§ **Task brief**: Your answer must restate the listing below word for word and contain no images.

§ **Collected data**:
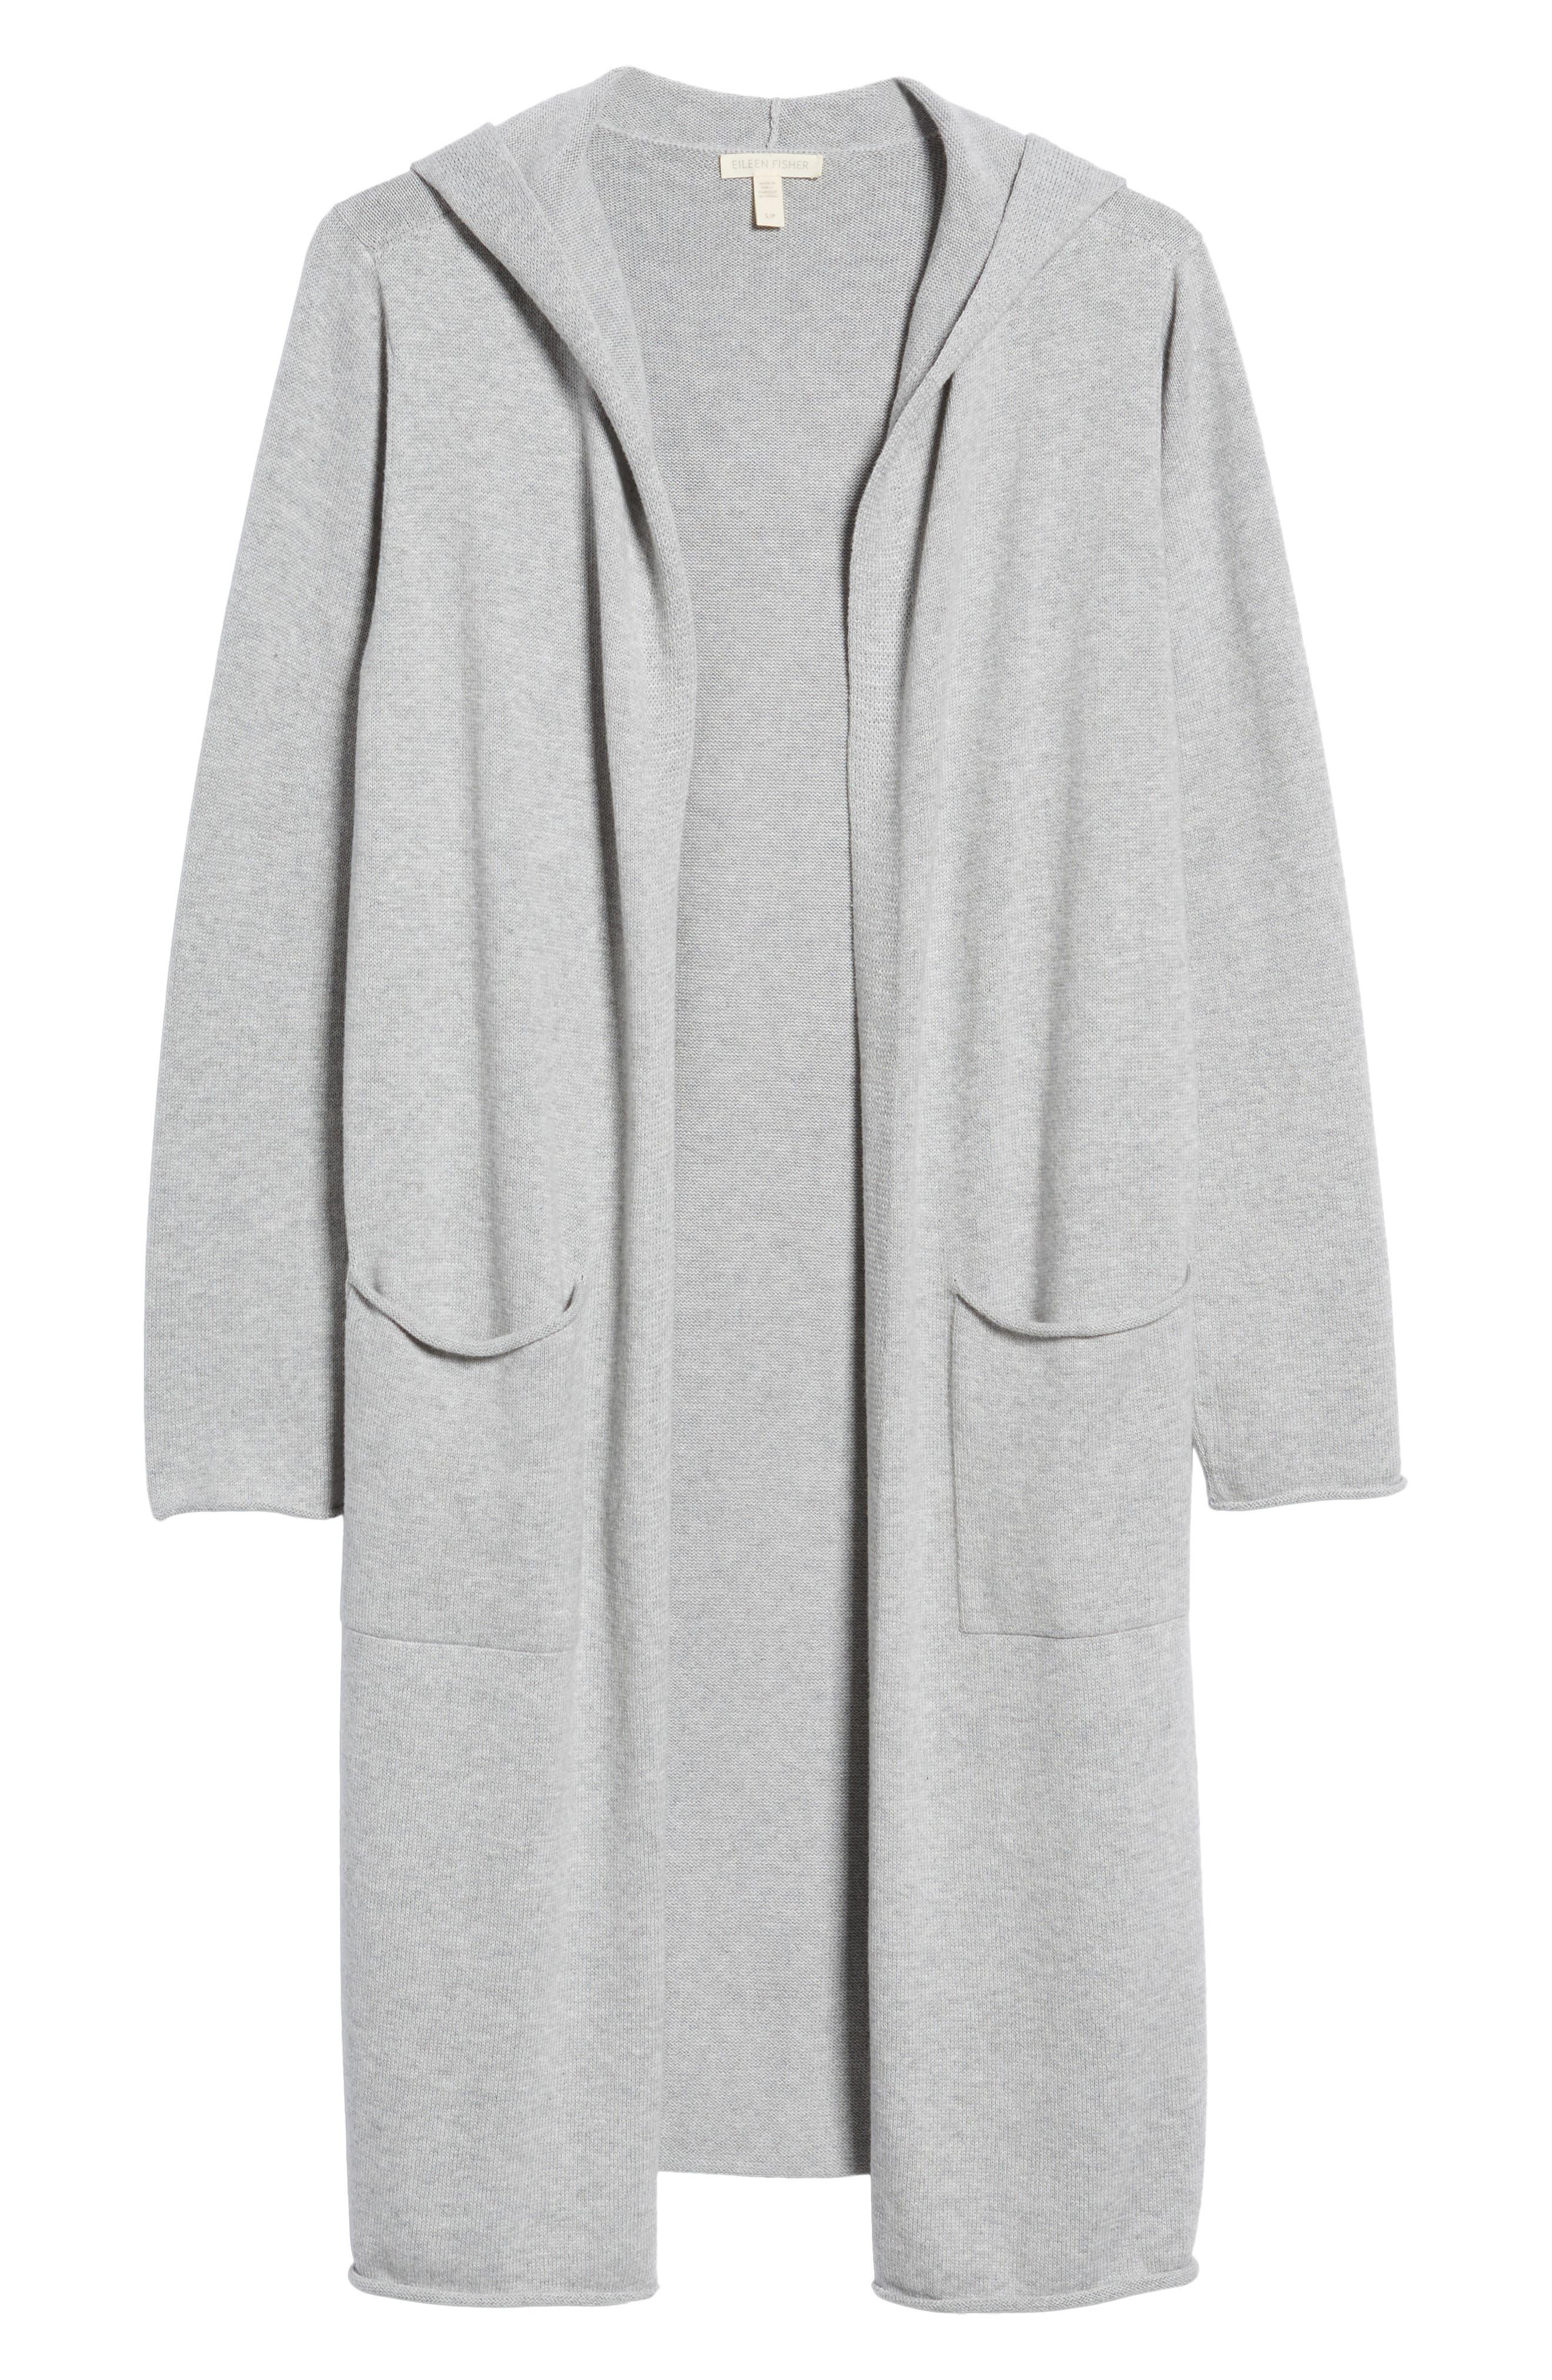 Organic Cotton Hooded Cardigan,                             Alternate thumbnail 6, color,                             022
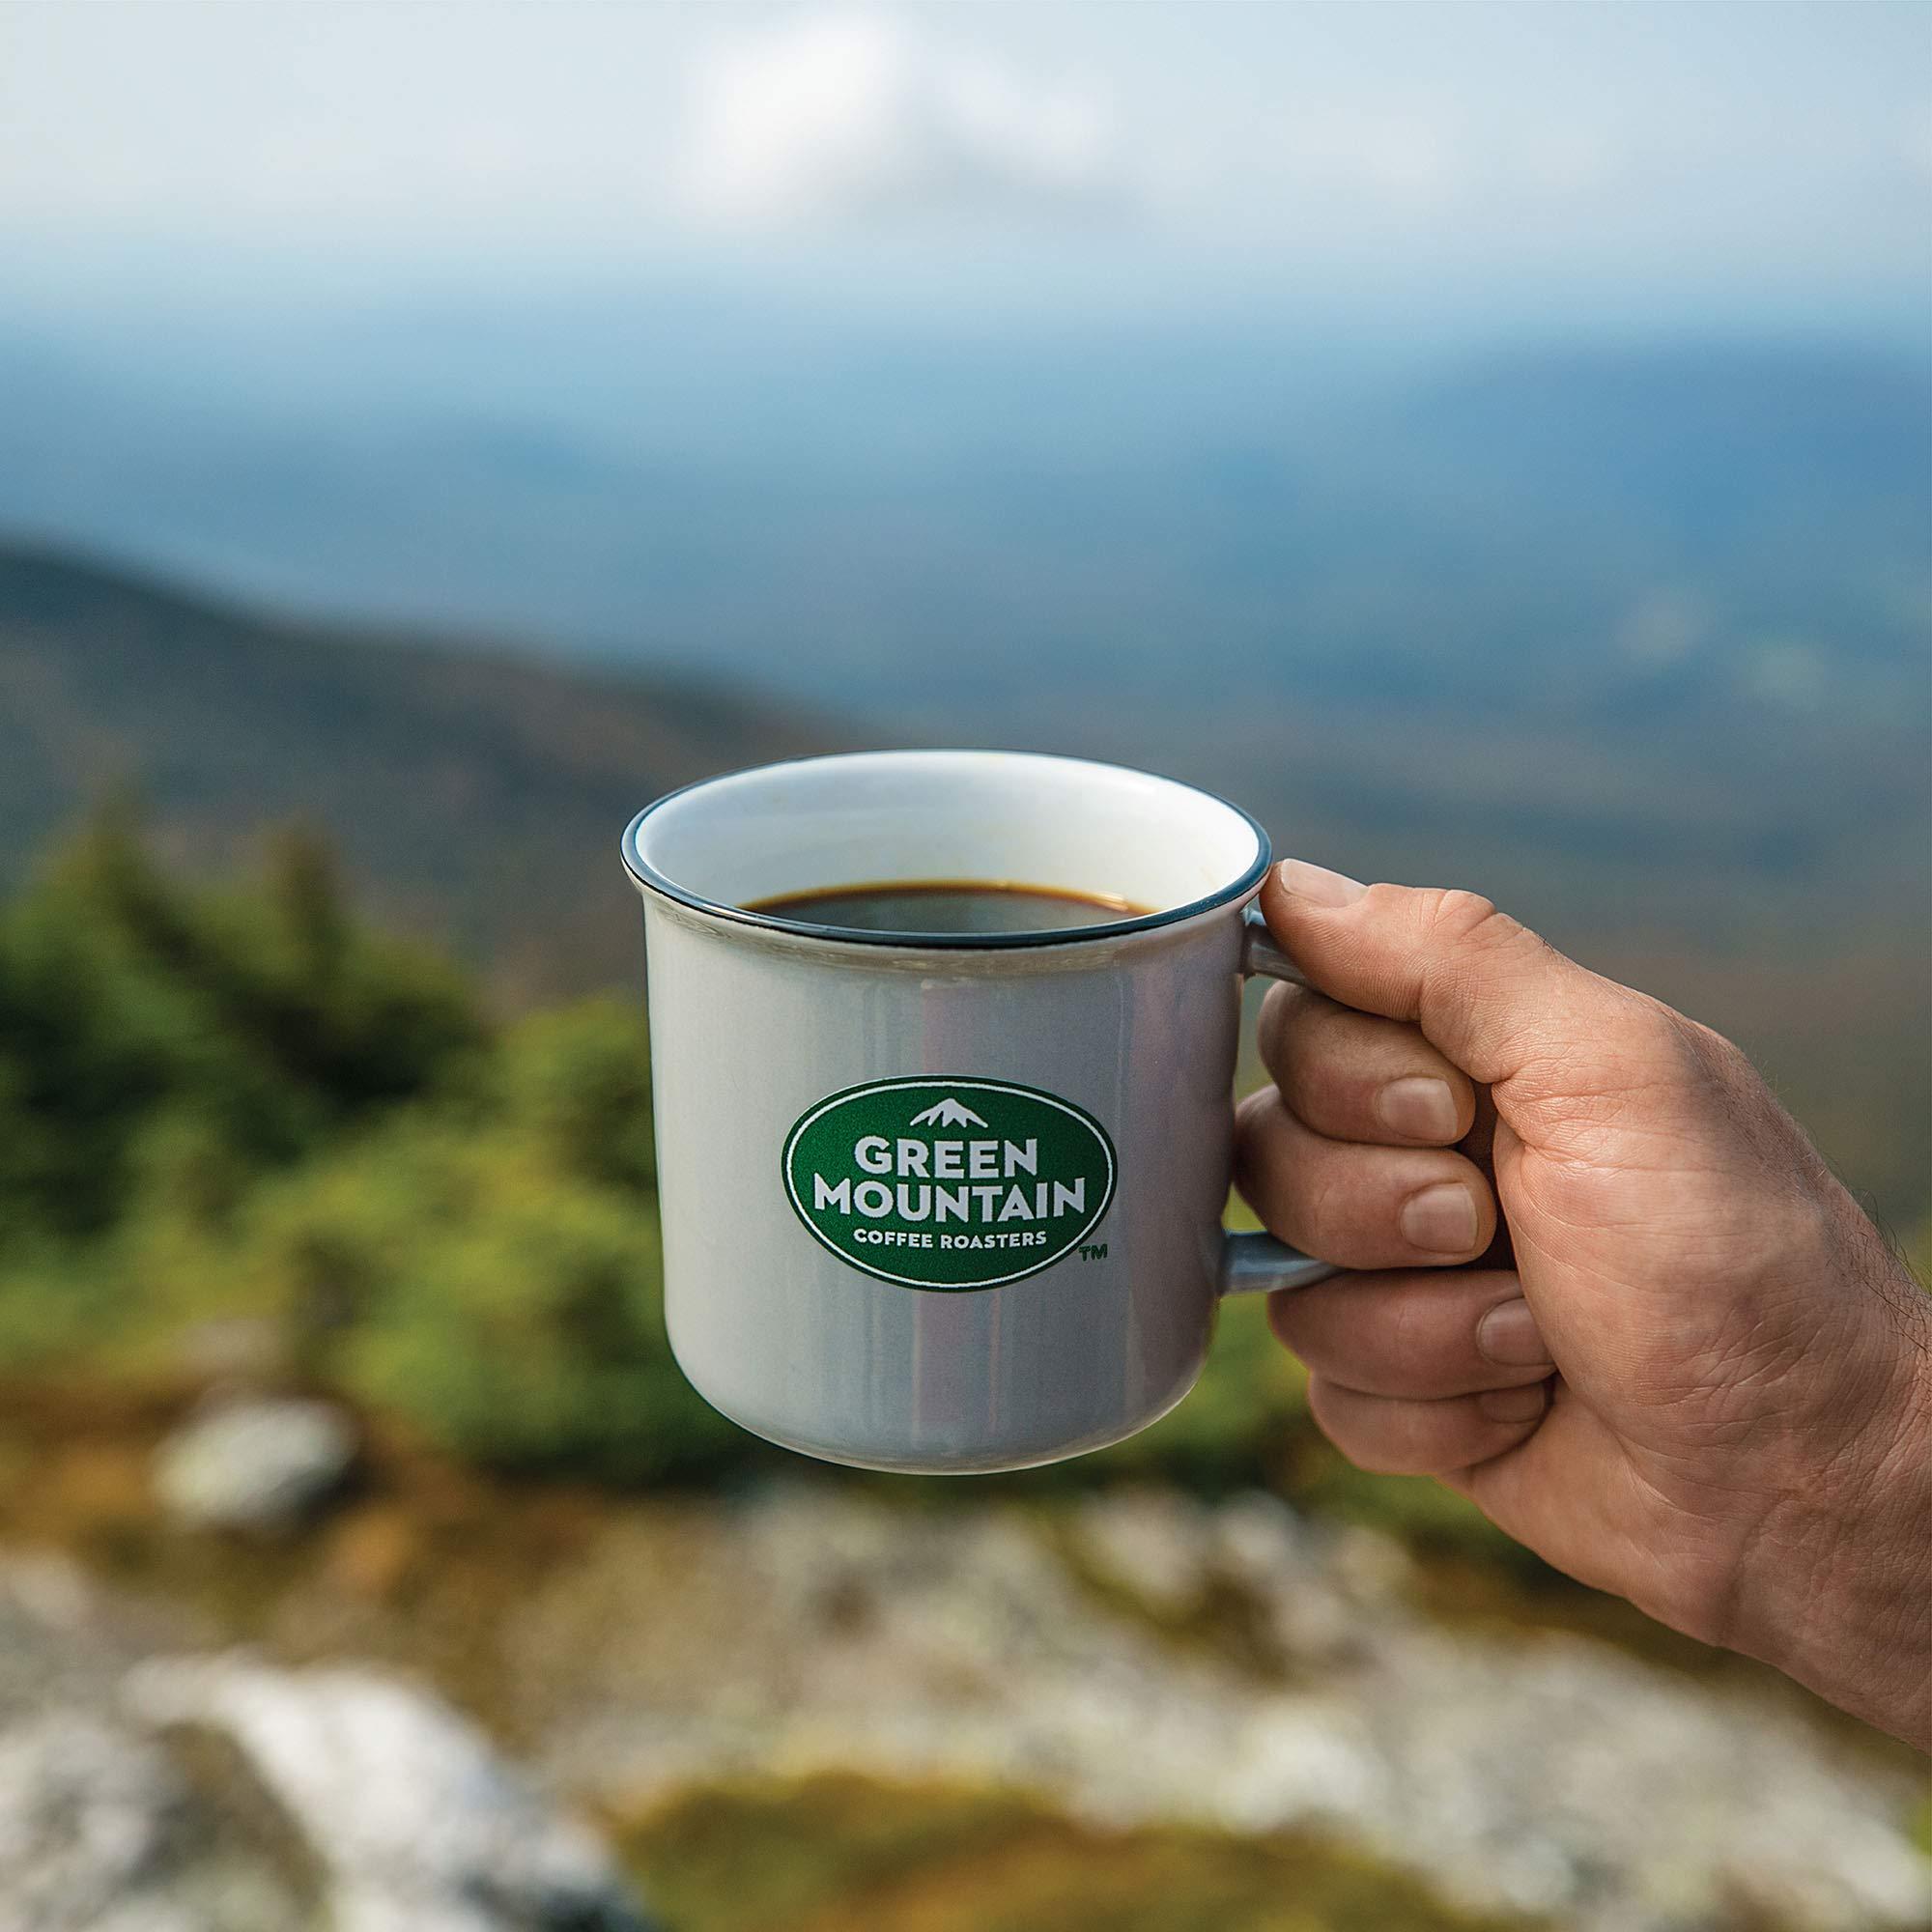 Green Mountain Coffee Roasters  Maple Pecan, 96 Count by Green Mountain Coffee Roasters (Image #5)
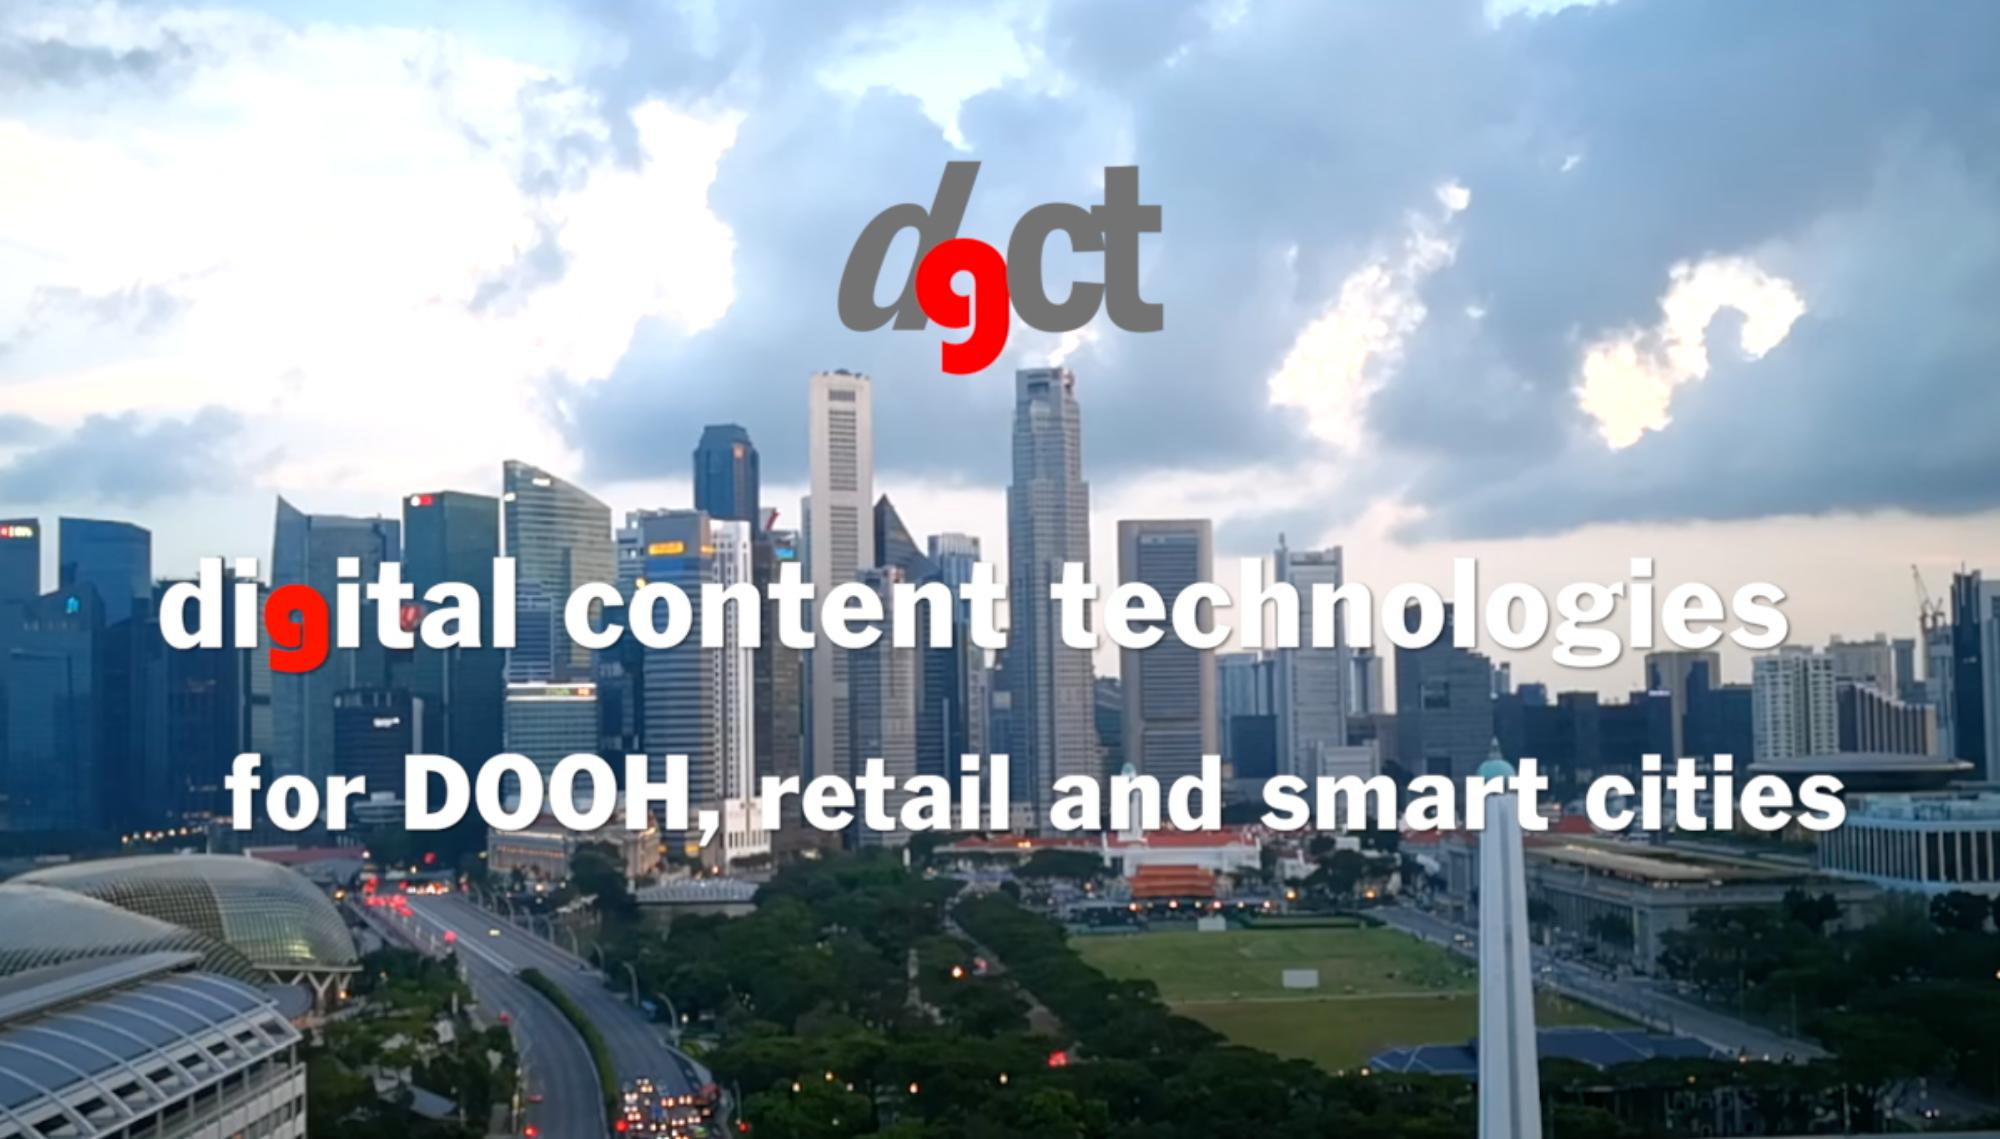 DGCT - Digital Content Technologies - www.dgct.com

§ **Exercise answer**:
 Organic Cotton Hooded Cardigan,                             Alternate thumbnail 6, color,                             022
 Green Mountain Coffee Roasters  Maple Pecan, 96 Count by Green Mountain Coffee Roasters (Image #5)
 DGCT - Digital Content Technologies - www.dgct.com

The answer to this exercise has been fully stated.